Let me try. Is there a way to restart dnsmasq for this to take effect, or do I need to reboot the router?

Thanks again.

 

[ColinTaylor]

service restart_dnsmasq

Then disconnect and reconnect the client.

 

[TheMorpN]

Let me try. Is there a way to restart dnsmasq for this to take effect, or do I need to reboot the router?

Thanks again.

So far, everything seems to be working. I'll let you know if any issues. Thanks again for all your help @ColinTaylor

 

[TheMorpN]

So, after 1 week. The routes that I added in dnsmasq are no longer being pushed to the clients.

I can see the entry in dnsmasq.conf, however the clients are no longer getting this option.

I have not reboot the router yet, but I think this is something that I will have to do.

My question is, is this normal, that the options in dnsmasq.conf are pushed to clients for about a week and then they stop working again.
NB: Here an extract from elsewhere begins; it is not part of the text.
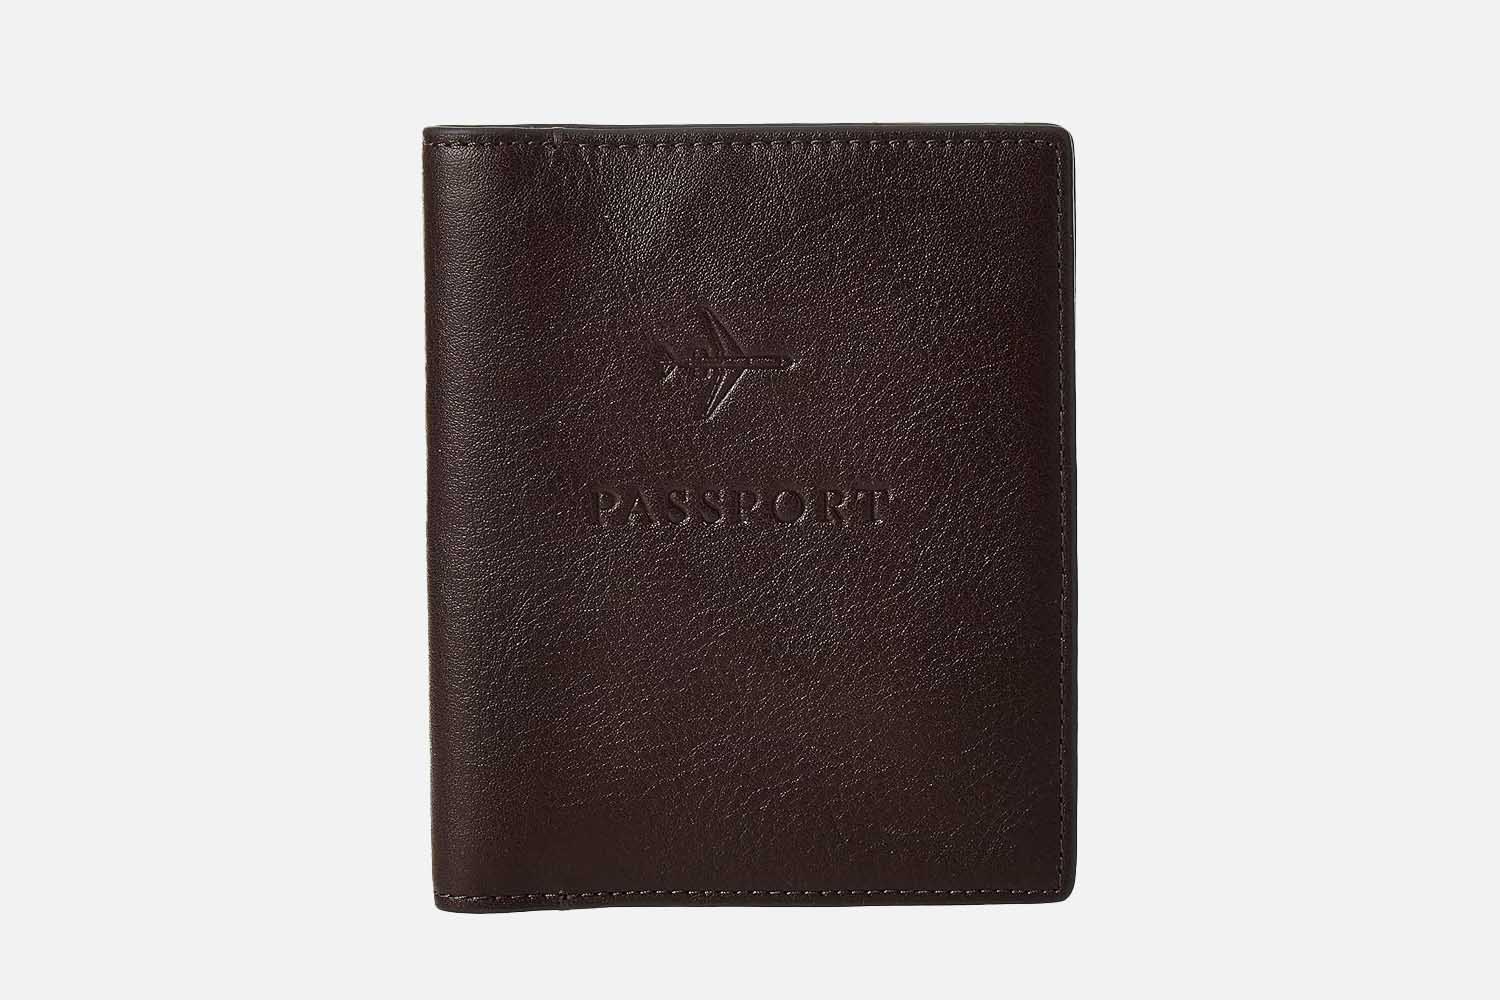 Fossil Leather RFID Blocking Passport Holder Case Wallet

I am using the latest firmware, btw, on the main router (384.18) and also the latest on the aimesh node (3.0.0.4.384_81992-gdc7a780).

 

[ColinTaylor]

If you make the clients connect to the main router rather than the node do they pick up the additional route?

There does seem to be something fundamentally broken with the behaviour of the node from what you've said. Can you try a different firmware version on it?

 

[TheMorpN]

That is an interesting question. If I connect the client to the main router, I don't need to have the additional route for it to connect to the server that I mentioned (192.168.1.214), so this will work regardless if I have the route or not. However, I did confirm that my windows pc does get the route if I connect to the main router.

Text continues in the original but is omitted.